(Assigned task):
Repeat word for word the lines from the one containing "medium resolution of" to the end of the material below, and leave all pictures out.

(Given material):
****

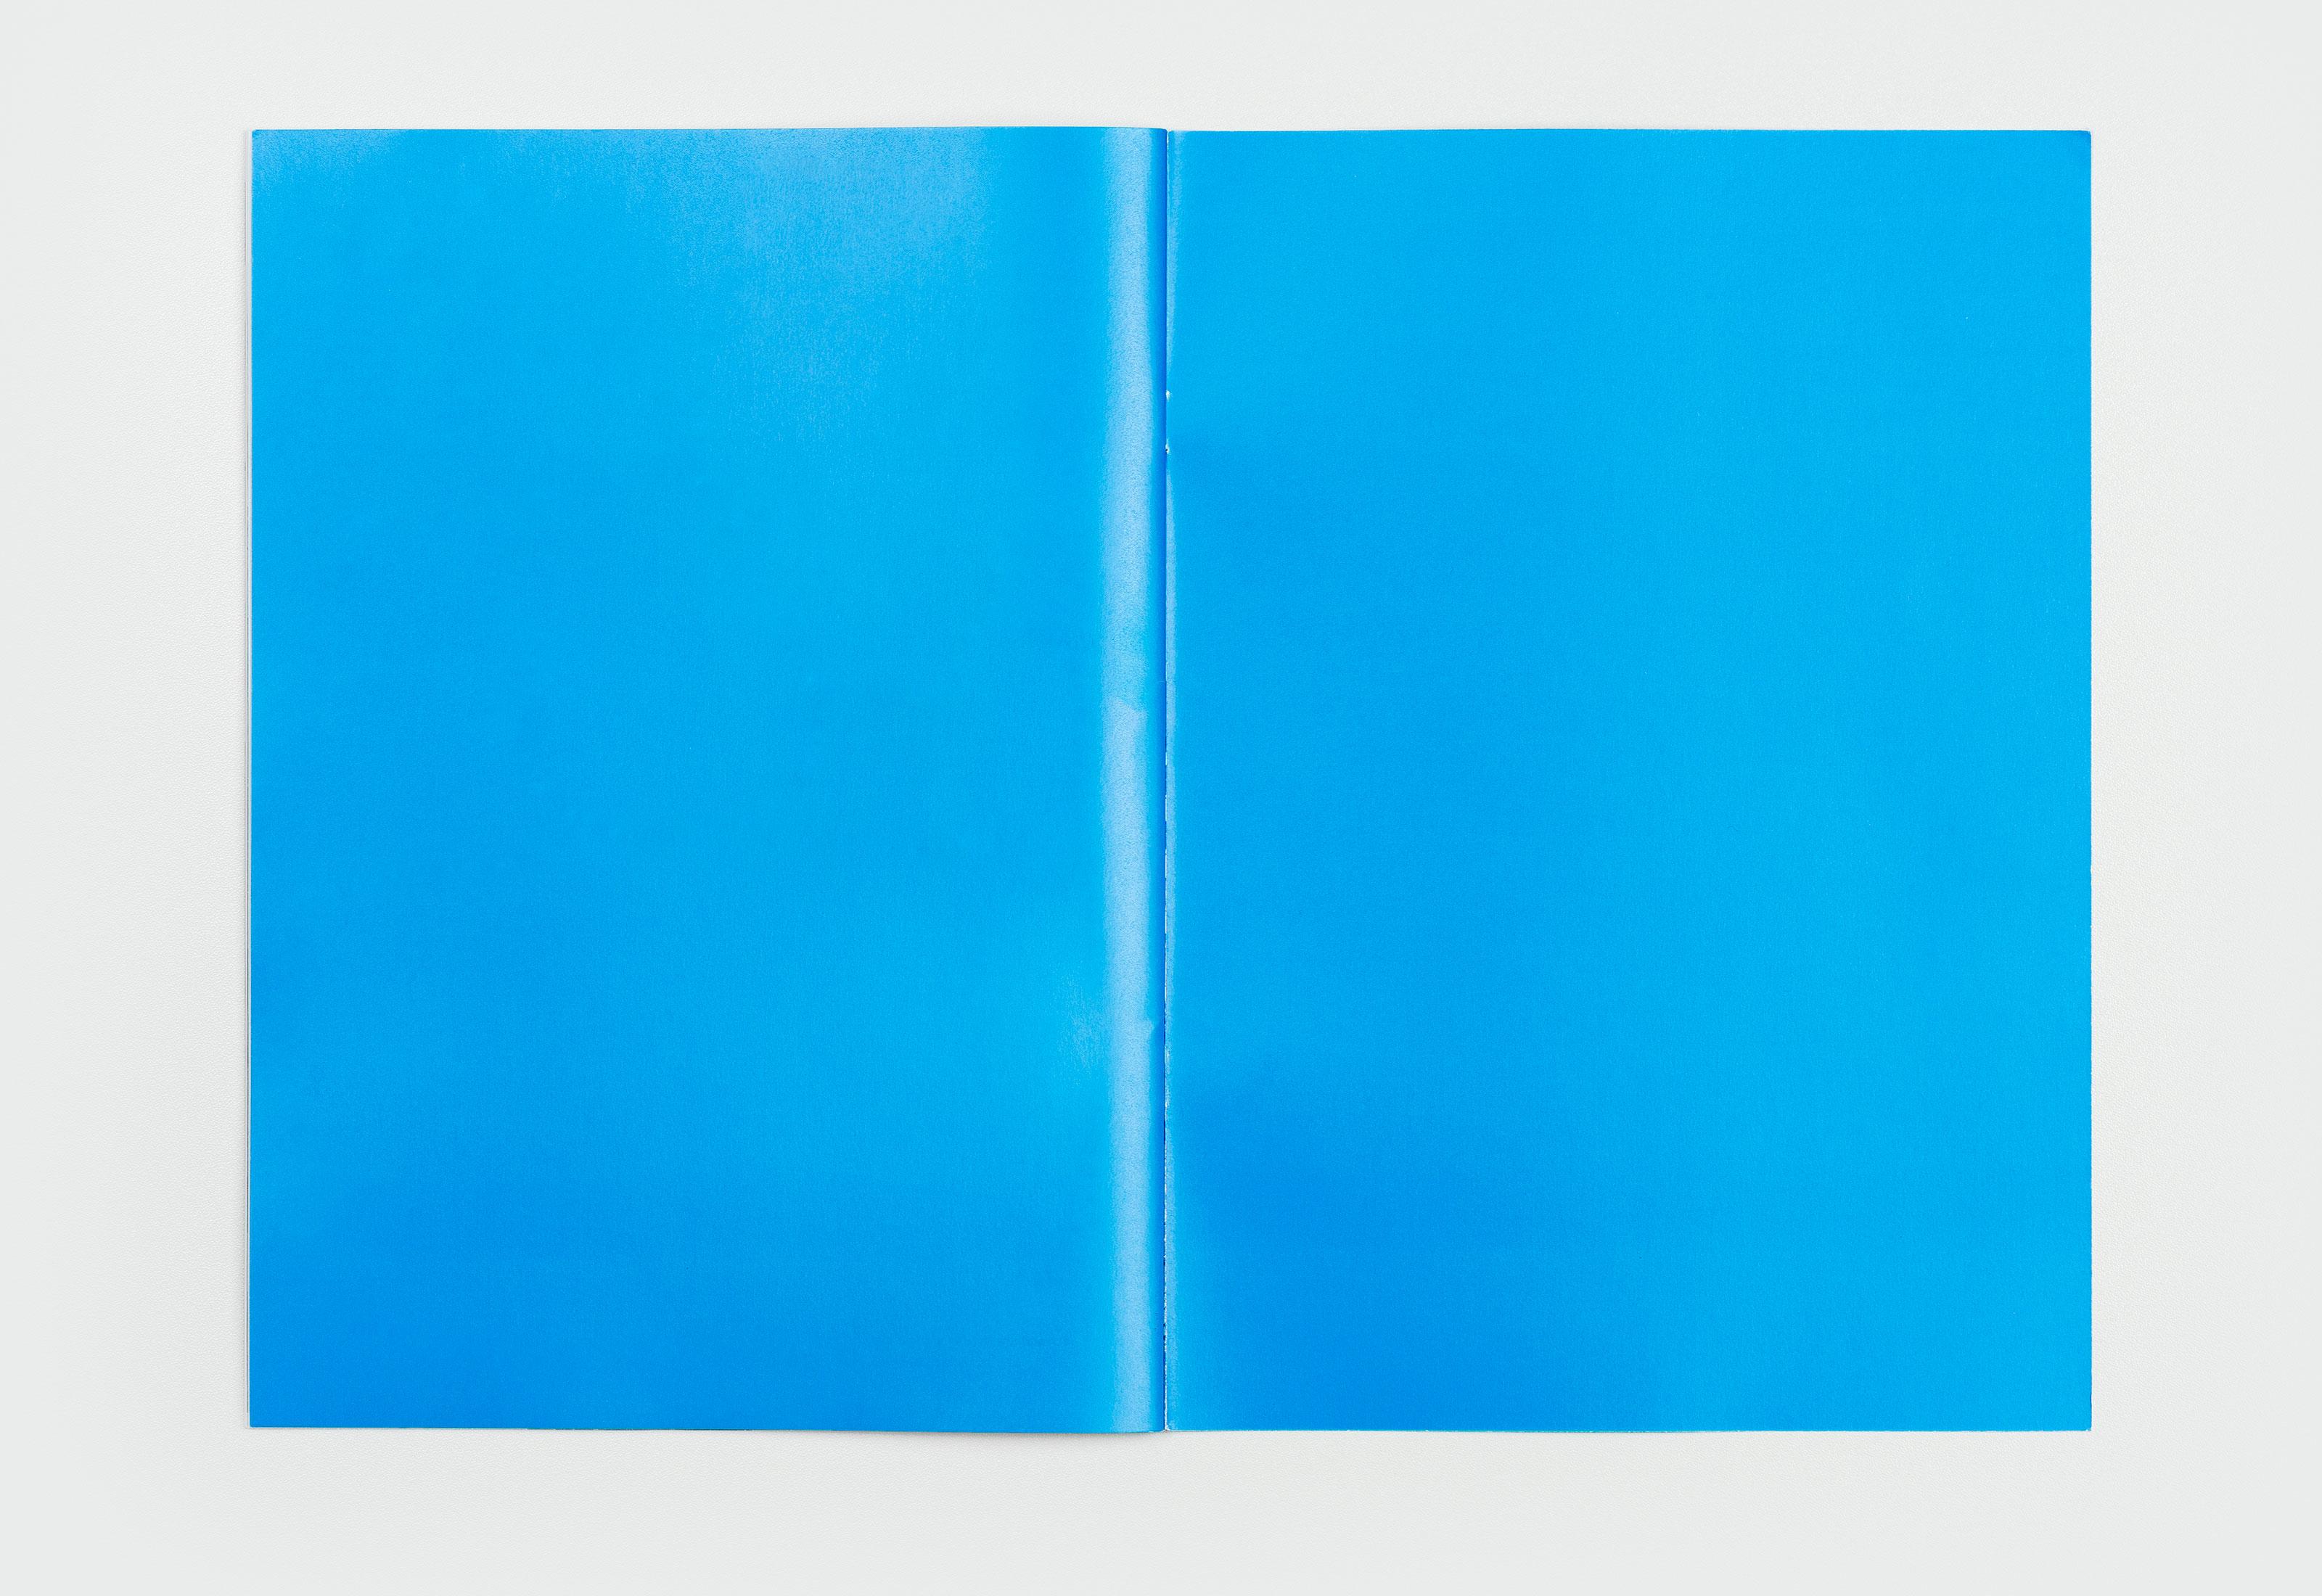 Reformierte Medien – Jahresbericht 2015, endpaper blue ©Atelier Pol × Barbara Hess
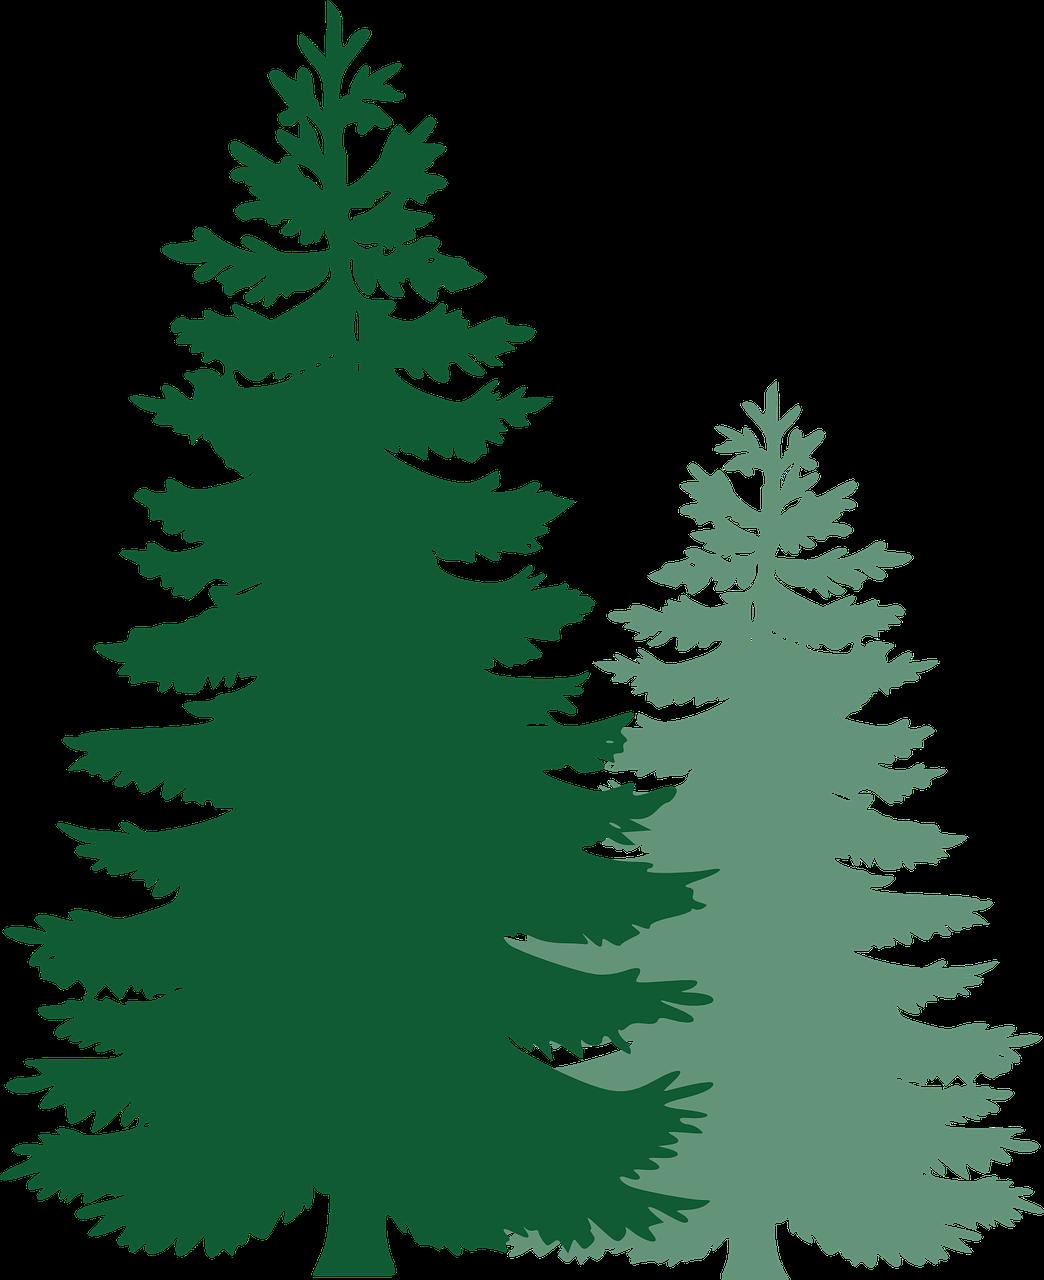 medium resolution of pine trees spruce trees evergreen trees tree spruce
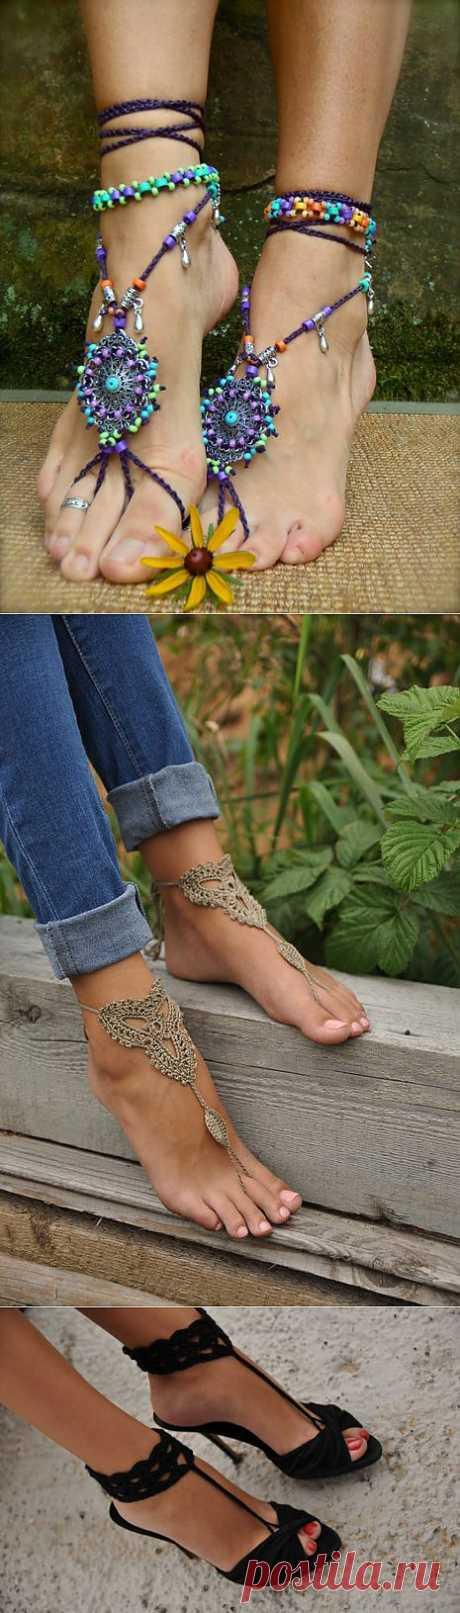 Barefoot legs....
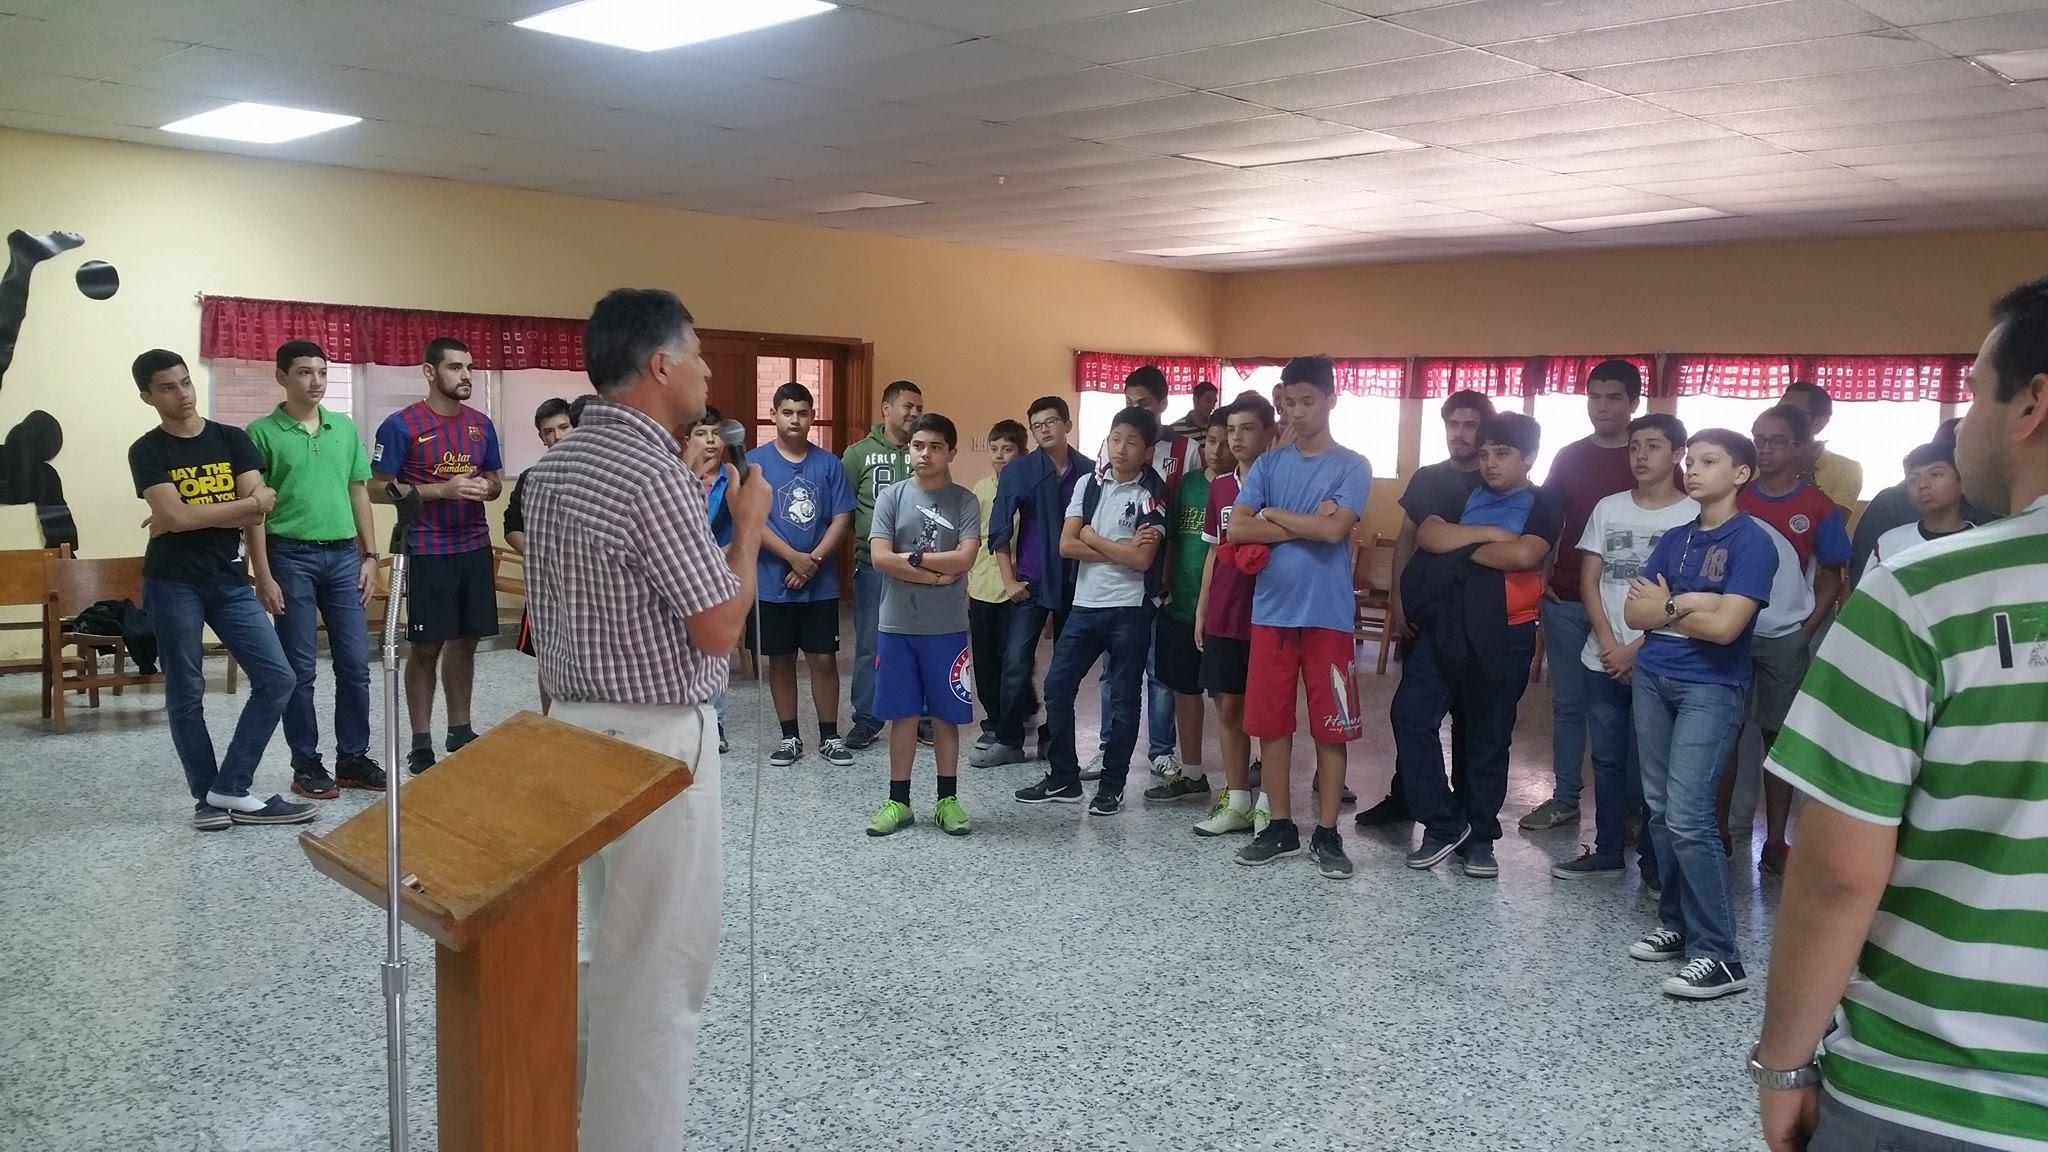 2016.01.4al8 - Conferencia Adolescentes en Tegucigalpa (Honduras) (10).jpg

****

(Task response):
 medium resolution of pine trees spruce trees evergreen trees tree spruce
 Barefoot legs....
 2016.01.4al8 - Conferencia Adolescentes en Tegucigalpa (Honduras) (10).jpg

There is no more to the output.